Day 26 – good question, wrong time (II)
A loving God could not possibly be the author of the horrors we have been describing; it is obvious that there cannot be a loving God. –CHARLES TEMPLETON
Imagine that you enter a bakery and notice on one of its tables a three-tiered wedding cake. You marvel at its design, noting it to be one of the most beautiful cakes you have ever seen. Its three cylindrical sections are aligned with such precision that there is no hint of asymmetry. Its snow-white icing is as smooth as the surface of a pond on a calm day. Bordering each section is more icing, strands of pink in a rope-like configuration. You smile as you observe on top of the cake's surface the ornate bride and groom figurines, facing each other as if repeating their vows.

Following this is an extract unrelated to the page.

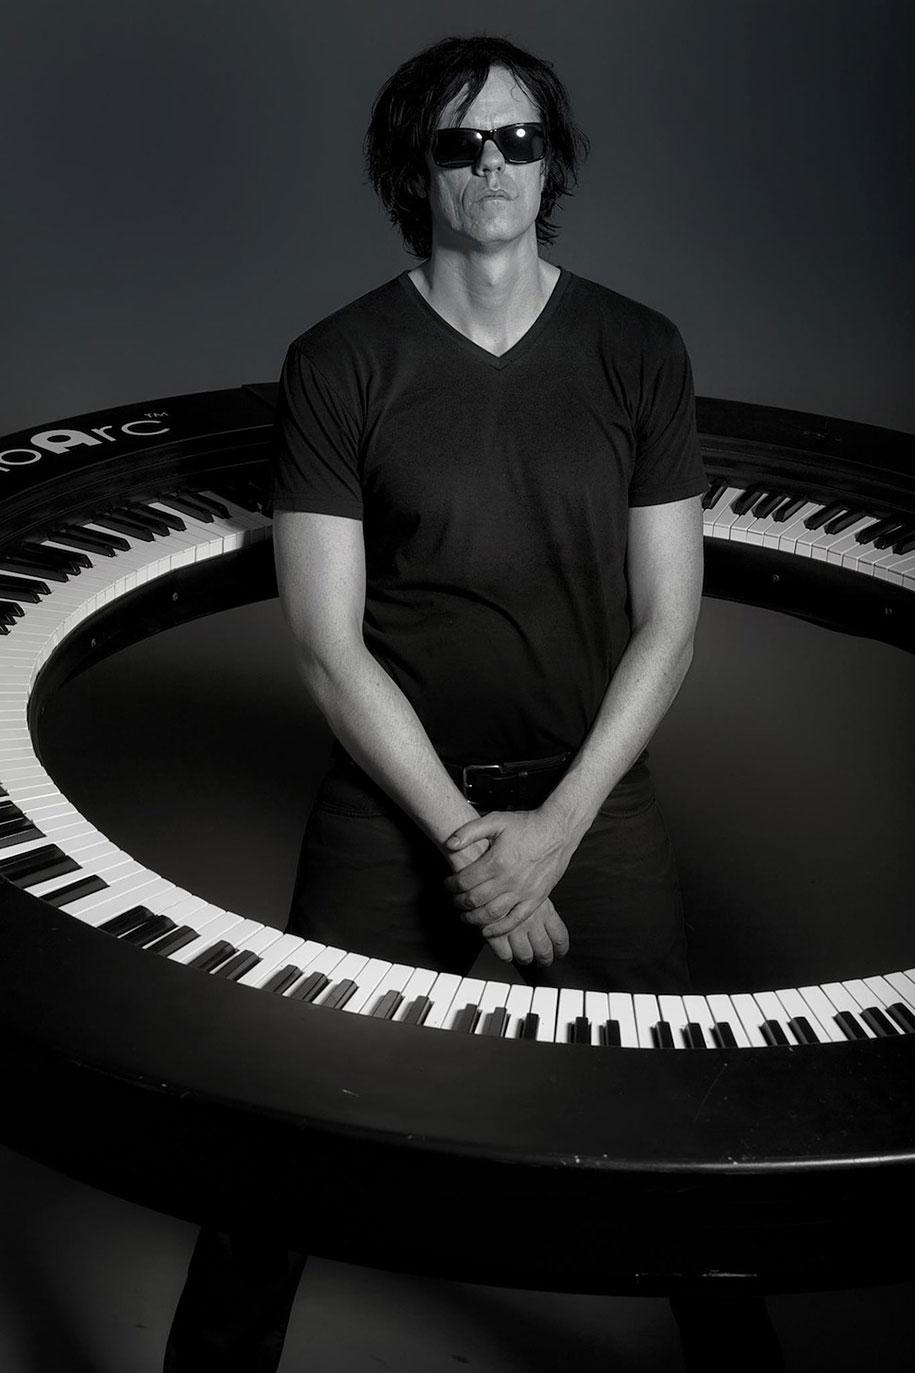 piano-arc-circular-keyboard-brockettship-brockett-parsons-3
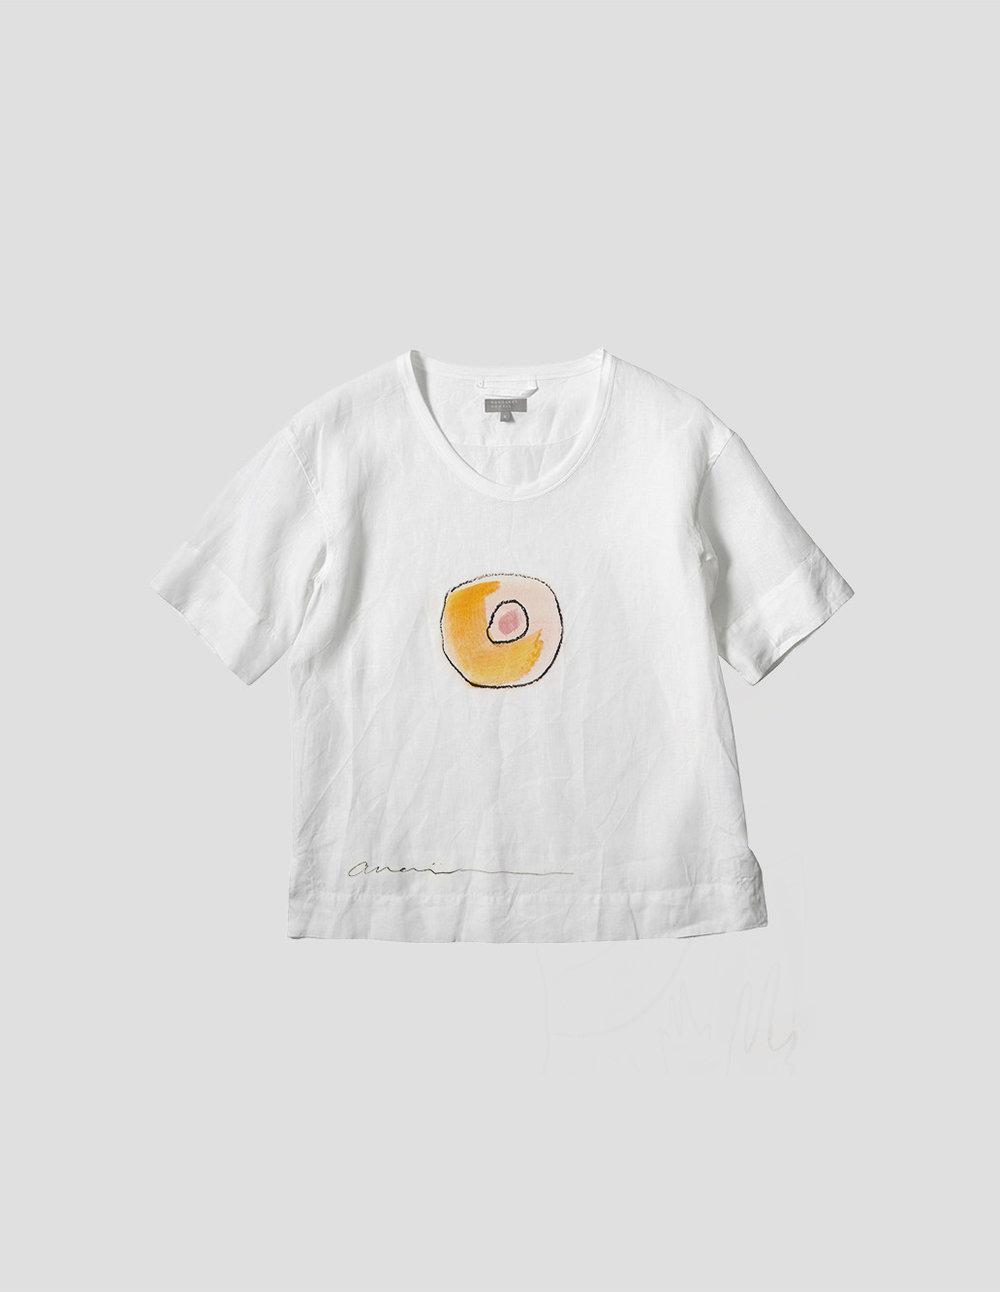 Whiteshirt_Circle.jpg

Now imagine that you look around and see that the bakery is devoid of life, save for a small dog lying beside the doorway. Would you, in the absence of anyone in the room, surmise that the wedding cake before you had no baker, that its ingredients threw themselves into three cake pans, baked themselves until done, arranged themselves vertically on the table, and then decorated themselves in so elaborate a fashion? Of course, not! You would assume a baker existed who was responsible for this cake. If you were to ask any question at this time, it would be "Where is the baker?" rather than "Does the baker exist?" The presence of a cake of such intricate design would demand the existence of a baker. This, applied to the universe, is the Argument from Design.
Needing a cake the next week for your son's birthday, imagine further that you leave a note on the table asking the baker to fashion one for the occasion. When you return the day before the birthday, you enter through the same doorway past the same dog and see on the same table a birthday cake you assume to be yours. It, too, is a three-tiered cake with white icing and colored trim, this time blue. It is adorned with seven candles at the top, the words "Happy Birthday" engraved around them.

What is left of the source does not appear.